When I was younger, I was so shy, I found it even hard to say ‘hello’ to people. I always waited for someone else to say ‘hello’ first. Even at the checkout in the supermarket, I always waited for the cashier to speak to me first. Unless you’ve been painfully shy, you really don’t understand how hard it is, for shy people to speak up and take the lead and initiate a conversation. There are people that have judged me in my life and assumed what my self-worth would be, because I’ve been termed ‘pretty’ and weight issues were never really a problem for me. Unfortunately so many people think that these factors relate to self-worth. Well I’m here to tell you, from my experience, it doesn’t matter how others see you or how you outwardly see yourself, self worth comes from within and anyone can experience shyness, anxiety and self-worth issues.
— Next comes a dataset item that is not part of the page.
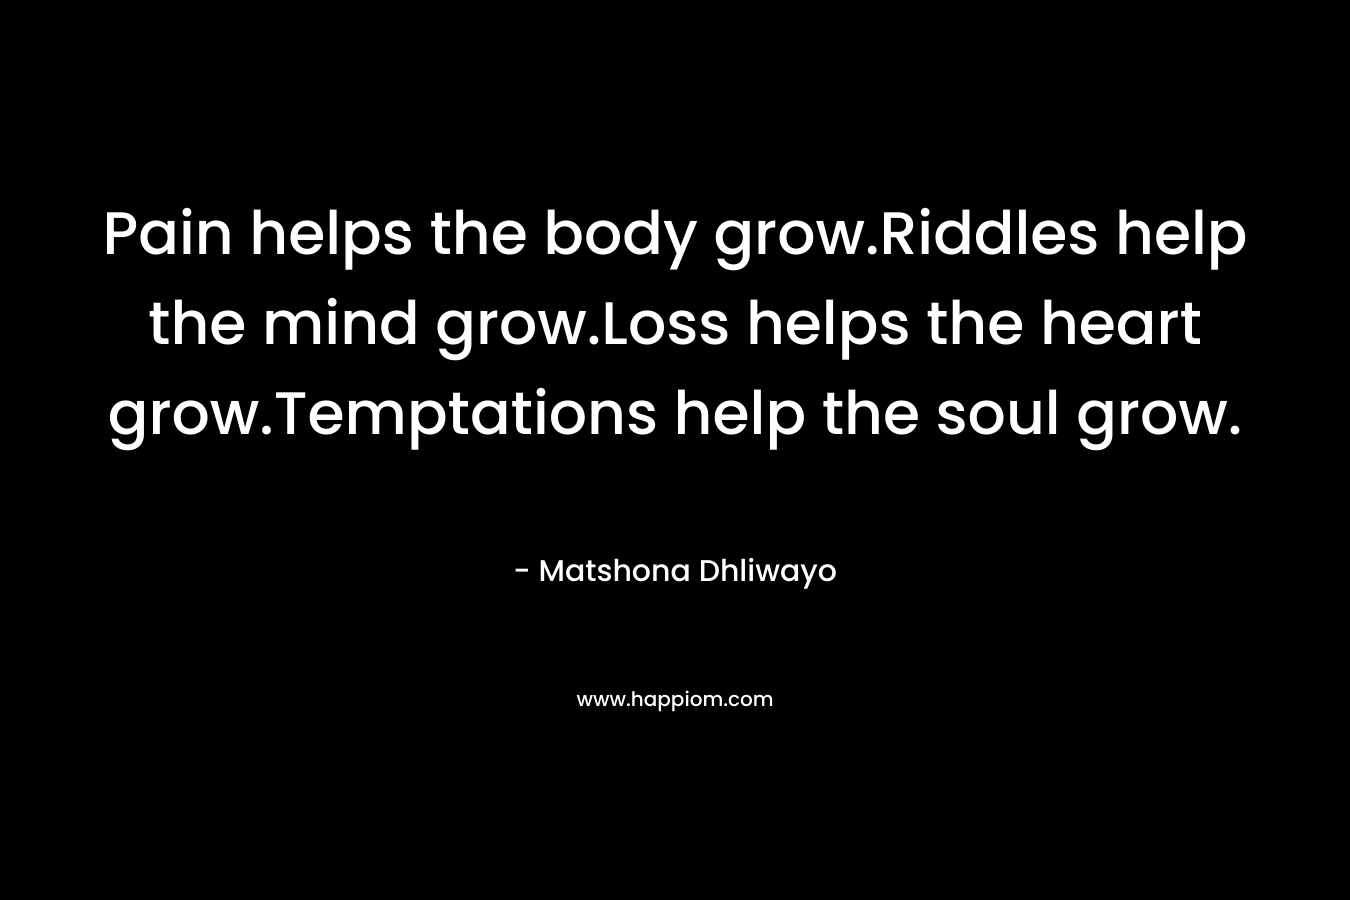 Pain helps the body grow.Riddles help the mind grow.Loss helps the heart grow.Temptations help the soul grow.

I was especially quiet and shy in group situations with people I did not know well, and the anxiety that gripped me if I even had to announce my name was overwhelming. On the scale of shyness, I was off the scale! People have even assumed that I was a snob because I never spoke much, not understanding that I didn’t speak because I had no self-worth, self-esteem and I always felt that my opinions, thoughts and perspectives would be judged and termed wrong if they were different to others. It took me a long time to understand that different does not mean wrong. It took me a long time to realise that my thoughts, feelings, perspectives and opinions are just as valid and are just as important as anyone else’s.
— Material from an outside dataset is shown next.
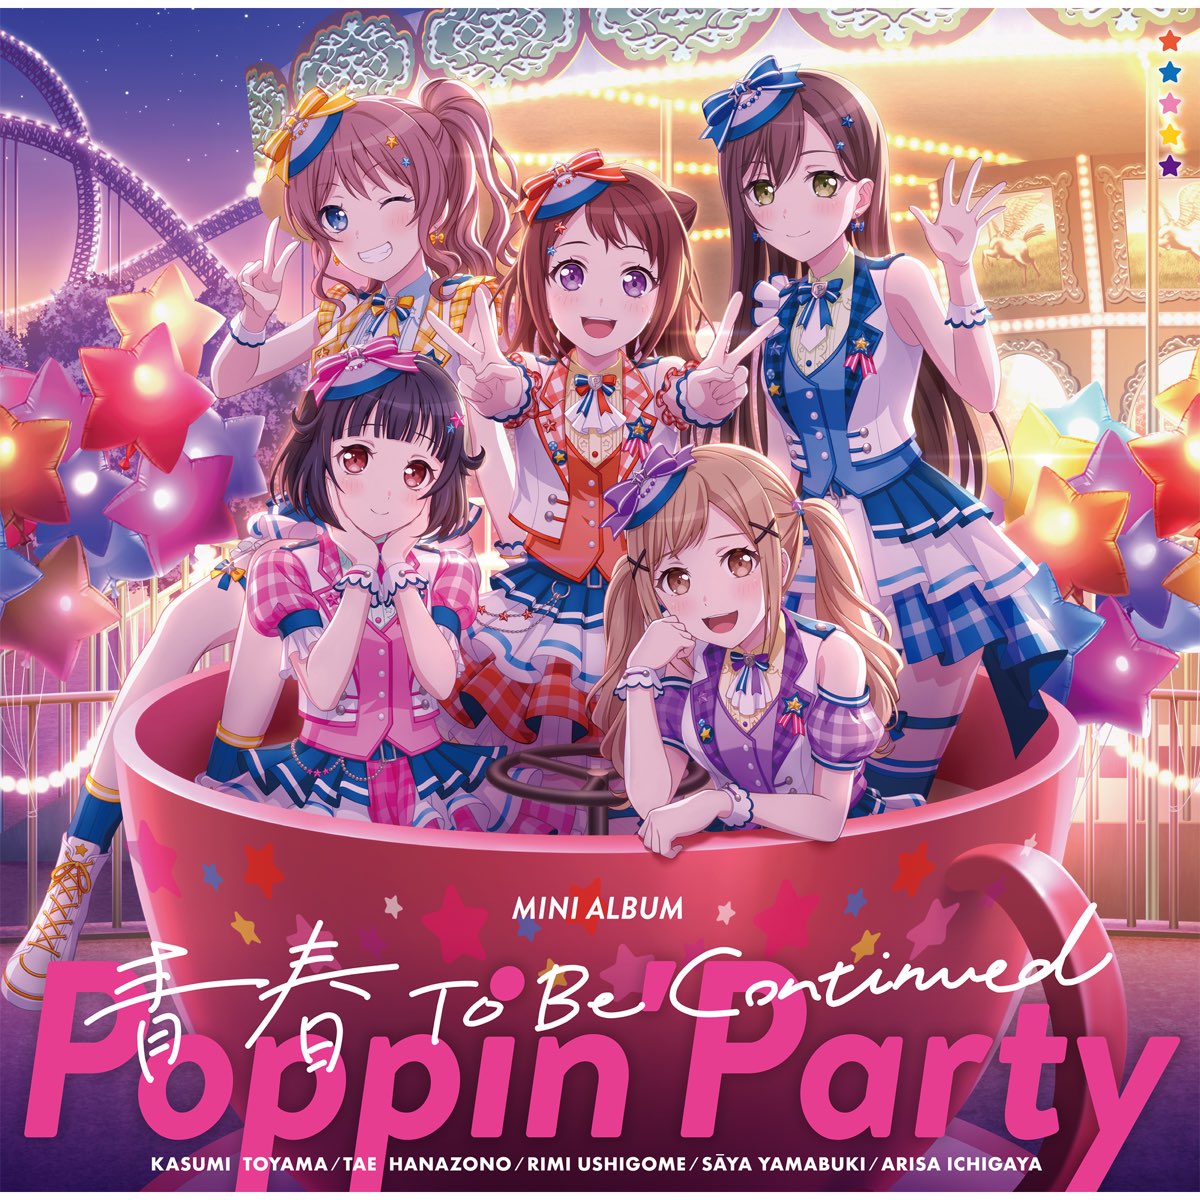 Youthful Days To Be Continued - EP by Poppin'Party on Apple Music

In my experience, overcoming shyness is a lot about learning to like and accept yourself exactly as you are, and believing in yourself. it’s about learning to speak up and it means recognising your thoughts, opinions, perspectives and feelings are just as important as anyone else’s. It means starting to take those little steps every day to speak up. Say ‘hello’ to someone else first, initiate a conversation with a stranger and stop worrying about what everyone else thinks. It means recognising you’re equal to other people. And to treat yourself, like you would treat your best friend. We all have different strengths, unique qualities, and everyone has a story! A lot of people are actually very surprised when they take the time to listen to someone else’s story, and understand that person’s experiences and background.
So, Speak up and let your voice be heard, even if it’s so very hard to do so, even if your voice shakes, and even if you can just manage to speak a few words or even just one word to start off. It gets easier with time.
I learnt how to speak up, but I am in no way ready to do a key note public speaking gig in front of a 1000 people, and I still have degrees of anxiety in some situations. It’s not an easy road, but to understand the progress I have made, we need to take a look back into the past, and my experience was that I never spoke in a group situation if I didn’t have to, I stayed home in high school every time I was supposed to do a presentation in class, I never spoke in class unless I was forced to, and if the teacher directly asked me a question I would say ‘I don’t know’ even if I knew the answer, and sometimes I became so physically sick at family parties when I was kid, my Mum would have to bring me home. I was riddled with insecurities and I felt inferior to others all the time, and I was manipulated and taken advantage of by other people all of time. I was made to feel shame and guilt instead of being given love, support, compassion and understanding. I needed alcohol and a copious amount of it at that, to be able to socialise as an adult with other people in public situations and it was my confidence crutch back then, so as you can see I have come a long long way, and considering I didn’t start my self-love and self-confidence journey until around 10 years ago, I am extremely proud of where I am at. A friend of mine calls me the chasm jumper in the self-growth stakes.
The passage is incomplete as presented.